The Nigger Factory By Gil Scott-Heron
“Leave it to Scott-Heron to save some of his best for last. This posthumously published memoir, The Last Holiday, is an elegiac culmination to his musical and literary career. He’s a real writer, a word man, and it is as wriggling and vital in its way as Bob Dylan’s Chronicles: Volume One.” —Dwight Garner, New York Times

The Last Holiday
By Gil Scott-Heron
Grove Press
978-0-8021-2057-1 • $16.00 • Paperback • Dec. 2012
Memoir
 
“Gil Scott-Heron’s posthumous memoir, The Last Holiday, plays back the life of a musician whose scorching political writings and recordings reflected the social injustice faced by African-Americans, inspiring today’s rappers.” —Elissa Schappell, Vanity Fair

The stunning memoir of musician, songwriter, poet, and Grammy Lifetime Achievement Award winner Gil Scott-Heron, the hardcover edition of The Last Holiday has received extraordinary attention both here and abroad. The Last Holiday provides a remarkable glimpse into Scott-Heron’s life and times, from his humble beginnings to becoming one of the most uncompromising and influential artists of his generation.

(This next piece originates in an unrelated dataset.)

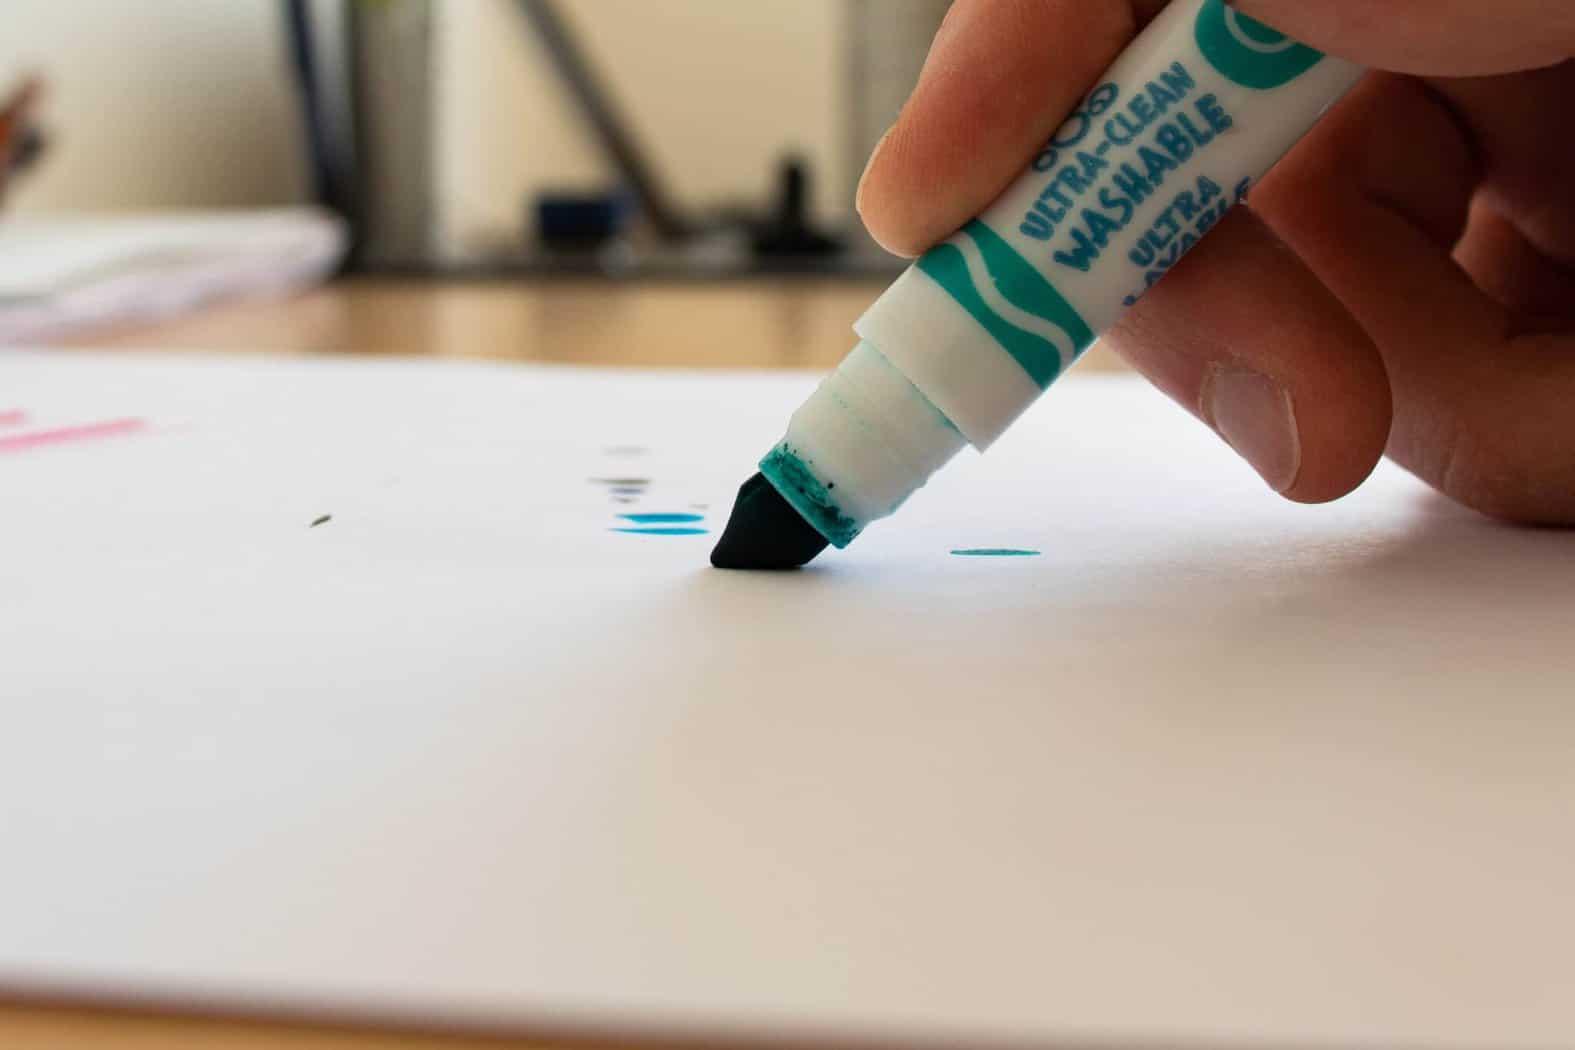 nib elasticity sample - Crayola Marker

The memoir climaxes with a historic Stevie Wonder concert tour in which Scott-Heron’s band replaced Bob Marley as the opening act after Marley was diagnosed with cancer. The Hotter than July tour covered forty-one cities across America, drumming up popular support for the creation of Martin Luther King Jr. Day, a national holiday that would honor the great civil rights leader. King’s birthday, January 15, 1981, was marked with a massive rally in Washington.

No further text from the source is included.